• Task brief: Only the lines from the one containing "Nurunuru Syoujyo Jiru 113" through the final line below belong in the output, copied exactly and without pictures.

• Supplied material:
====
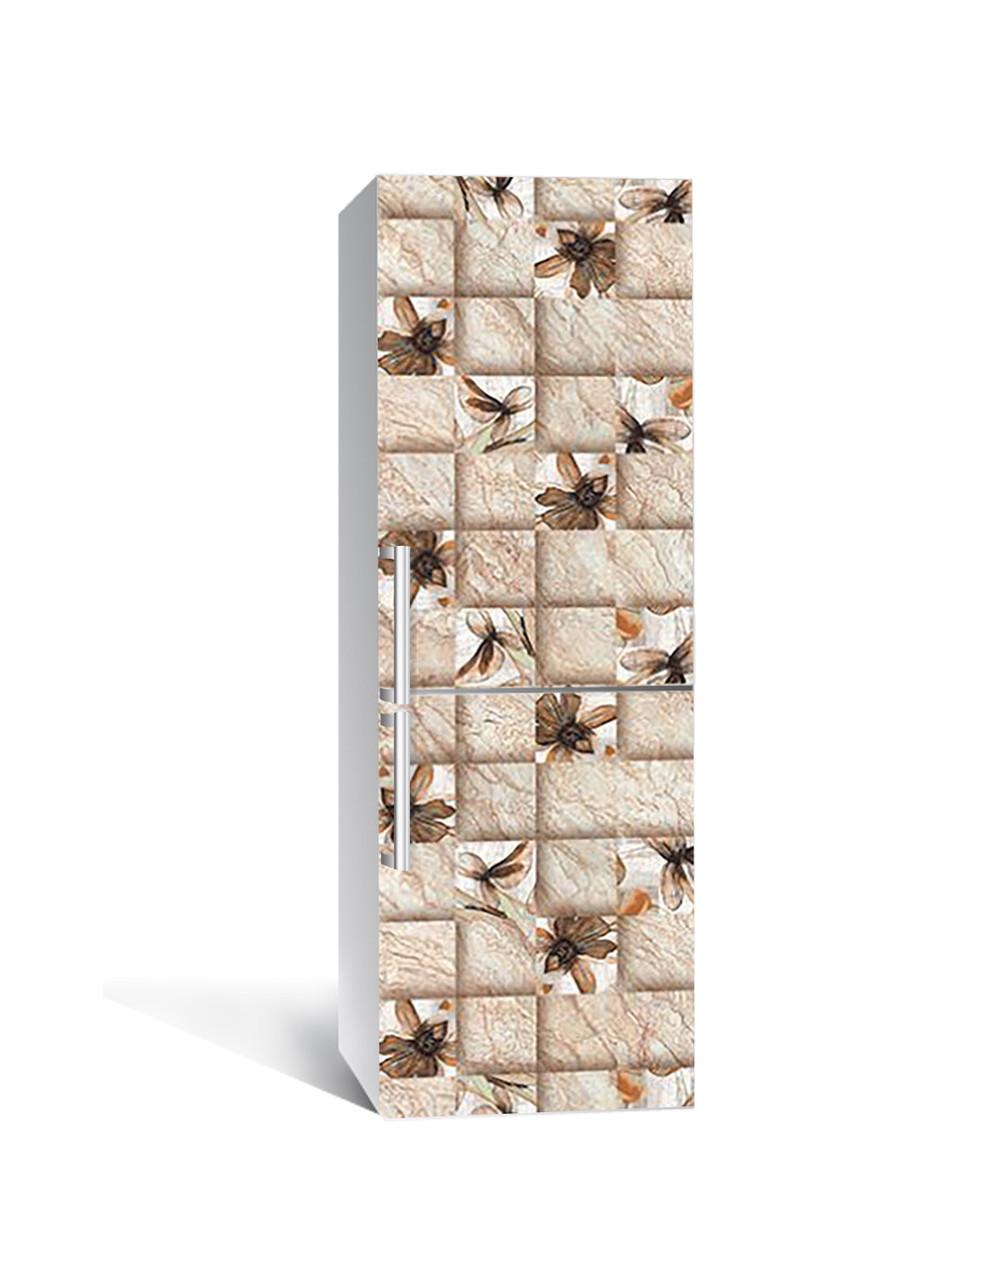 Вінілова 3Д наклейка на холодильник вохристих плитка Квадрат (плівка ПВХ фотодрук) 65*200см Геометрія Бежевий
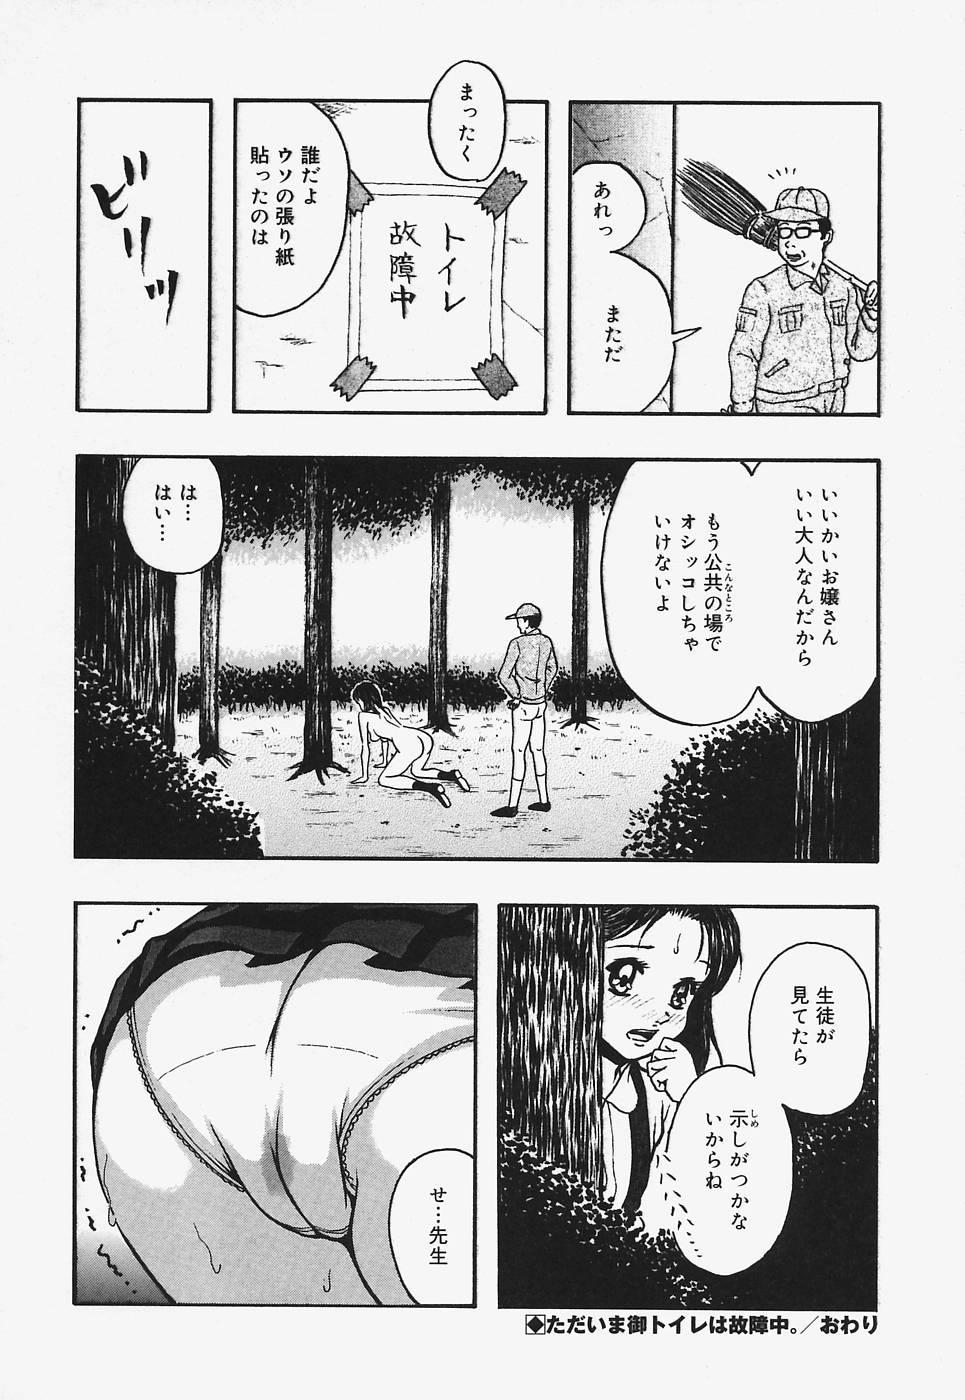 Nurunuru Syoujyo Jiru 113
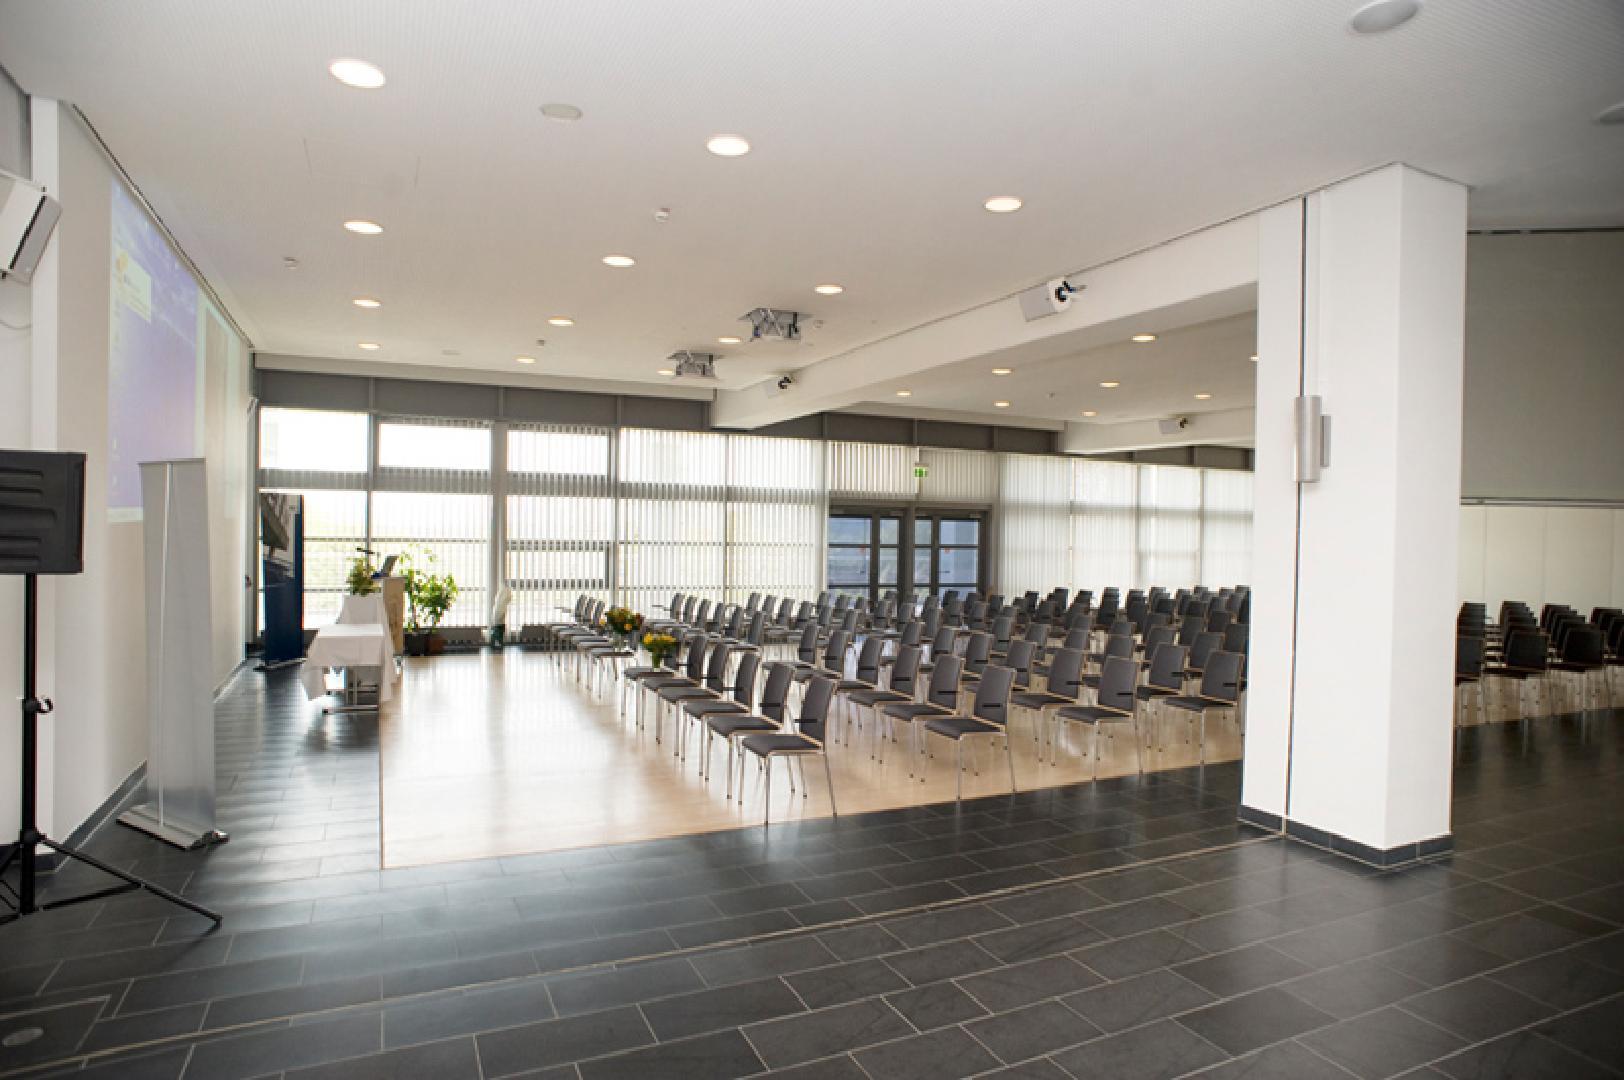 Bild 3 von UNIversaal - Multifunktionshalle in Bochum
====
• Answer box:
 Nurunuru Syoujyo Jiru 113
 Bild 3 von UNIversaal - Multifunktionshalle in Bochum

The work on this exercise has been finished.